Veering off the beach onto a paved sidewalk, Charlie followed the path out toward a village road. To her left was a sprinkling of cottage houses, a church, and what looked like a schoolhouse. She turned right and ran toward a village with a charming little pedestrian area dotted with local shops and restaurants. There were a few tourists poking around with their telltale sunburns and oversized straw bags, but mostly the customers were Anguillan: old ladies bustling about with sacks of plantains and schoolchildren in crisp uniforms finishing their breakfasts. A little donut shop at the end of the strip advertised bottled water, so Charlie jogged over.

‘Hey!’ she heard a familiar voice say from somewhere behind her.

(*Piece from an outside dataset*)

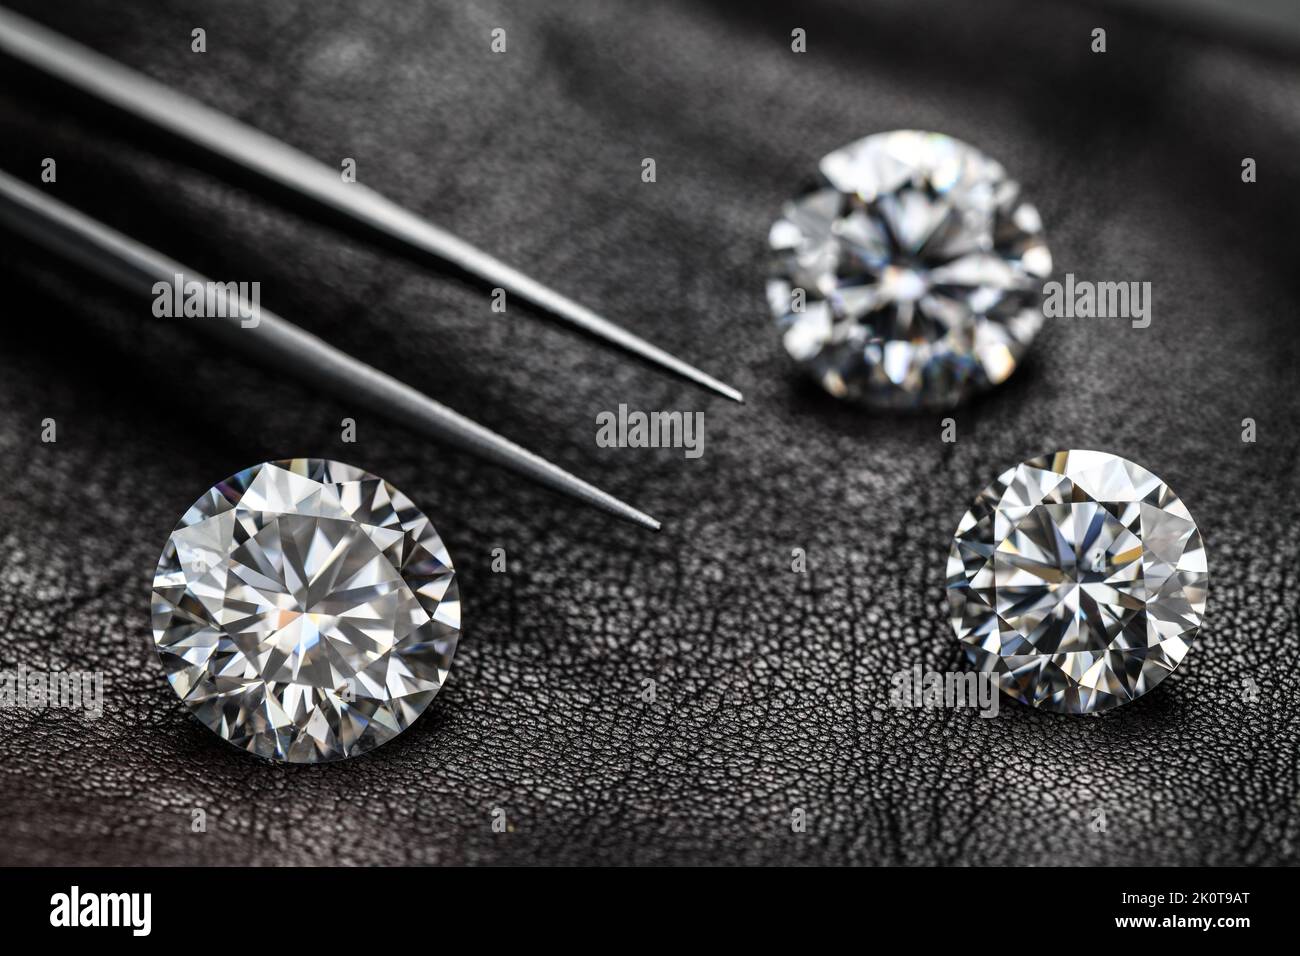 Precious Luxury Diamonds on Brown Leather Stock Photo

Charlie stopped, her heart doing little flip-flops. Had Marco followed her? Was he here to apologize?

When she turned around, it took her a moment. ‘Dan? What are you doing here?’

He sat in a green plastic chair, an espresso cup in front of him. Shielding his eyes from the sun, he looked up at Charlie and said, ‘I could ask you the same.’

Charlie mopped a stream of sweat from her forehead and then awkwardly wiped her wet palm against her shorts. ‘I was just out for a run. Figured it was my only chance to leave the hotel and look around a little.’

‘It’s pretty nice, huh?’

‘The hotel? It’s gorgeous.’

Dan laughed, a hearty laugh with crinkly eyes and his face turned to the sky.

‘I’m going to get a bottle of water. Do you want one?’ she asked him.

He motioned to the cluster of three empty chairs at his table. ‘Why don’t you join me? We don’t have to be back for another forty minutes or so. They have the most killer coffee. Even better than Turkey.’

Charlie glanced around helplessly. Why did she suddenly feel so uncomfortable? And then she realized: she’d never been alone with Dan. She barely ever spotted him off the court, to the point where Jake often wondered aloud where he went and what he did. It seemed Dan was not interested in hanging out if he wasn’t on the clock. Other women befriended their hitting partners – some were even rumored to sleep with them – but Dan clearly wanted no part of any of it.